Netflix has ordered its first original English-language feature from Canada, but the project may sound a little familiar.
The streaming service announced it has acquired the global rights to the Code 8 sequel, Code 8: Part II, at the 42nd Banff World Media Festival today (June 14).
Production on the Collective Pictures project begins later this year in Canada with returning director Jeff Chan. Cousins Robbie Amell and Stephen Amell reprise their roles from the first film. The trio also produces alongside Chris Paré, who wrote the script alongside Chan, Sherren Lee and Jesse LaVercombe.
“After witnessing the murder of her brother and subsequent cover up, a teenage girl with abnormal abilities seeks the help of an ex-con (Robbie Amell) and his former partner-in-crime (Stephen Amell),” reads the official logline. “Together, they face a unit of corrupt police officers who deploy advanced robotic technology to prevent themselves from being exposed.”
The deal was negotiated by executive producers XYZ Films.
The announcement comes following the original film’s impressive debut on the streaming service outside of Canada in April 2020, when it cracked the then-new Top 10 chart in the U.S. and internationally. At the time Code 8 had also posted VOD returns of roughly $5 million through Apple, Amazon and Vudu.
The original film was distributed by Elevation Pictures in Canada (it originally streamed on Crave) and XYZ Films internationally. The movie revolves around a group of people born with supernatural abilities, deemed “specials.” In order to survive in a world where the other 96% of the population shuns them, the specials are forced into a world of crime and poverty.
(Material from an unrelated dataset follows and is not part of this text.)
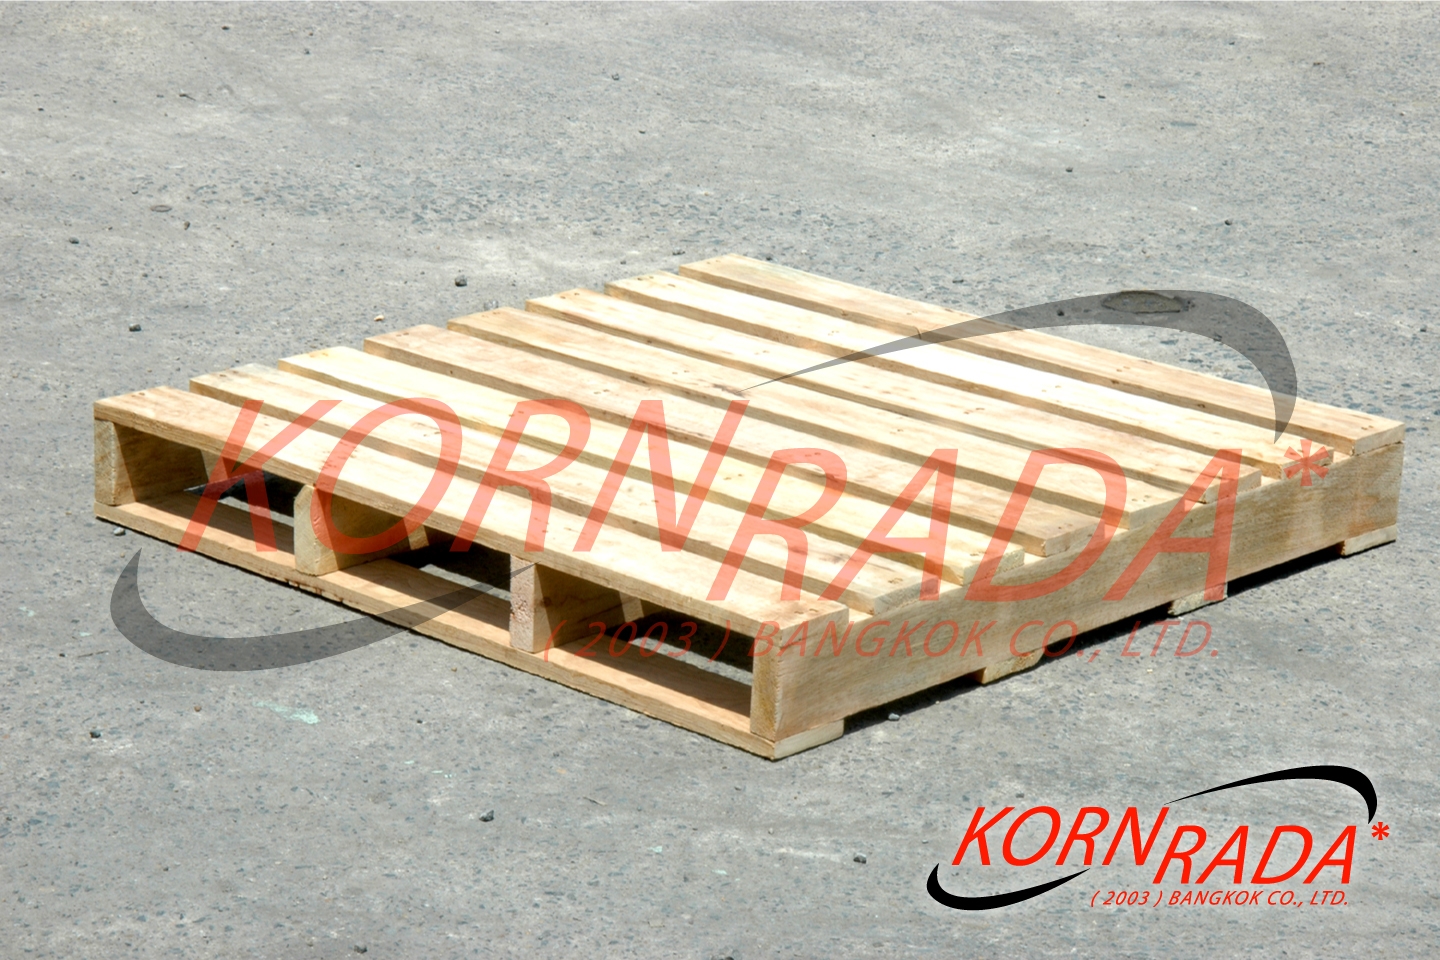 kornrada_wooden-pallet_4-stringers_005

Kari Matchett, Lawrence Bayne, Jai Jai Jones, Sung Kang, Alex Mallari Jr. and Aaron Abrams also starred in the first instalment.
Code 8 began with a 10-minute short for an Indiegogo campaign in 2016 that surged into the largest-ever crowd-funded campaign for a Canadian film after it received $2.4 million in a little over a month. A spinoff series was also developed for the short-lived streaming service Quibi in December 2019, but it never went ahead as the service shut down in December 2020, less than seven months after launch.
Code 8: Part II was first announced in early June.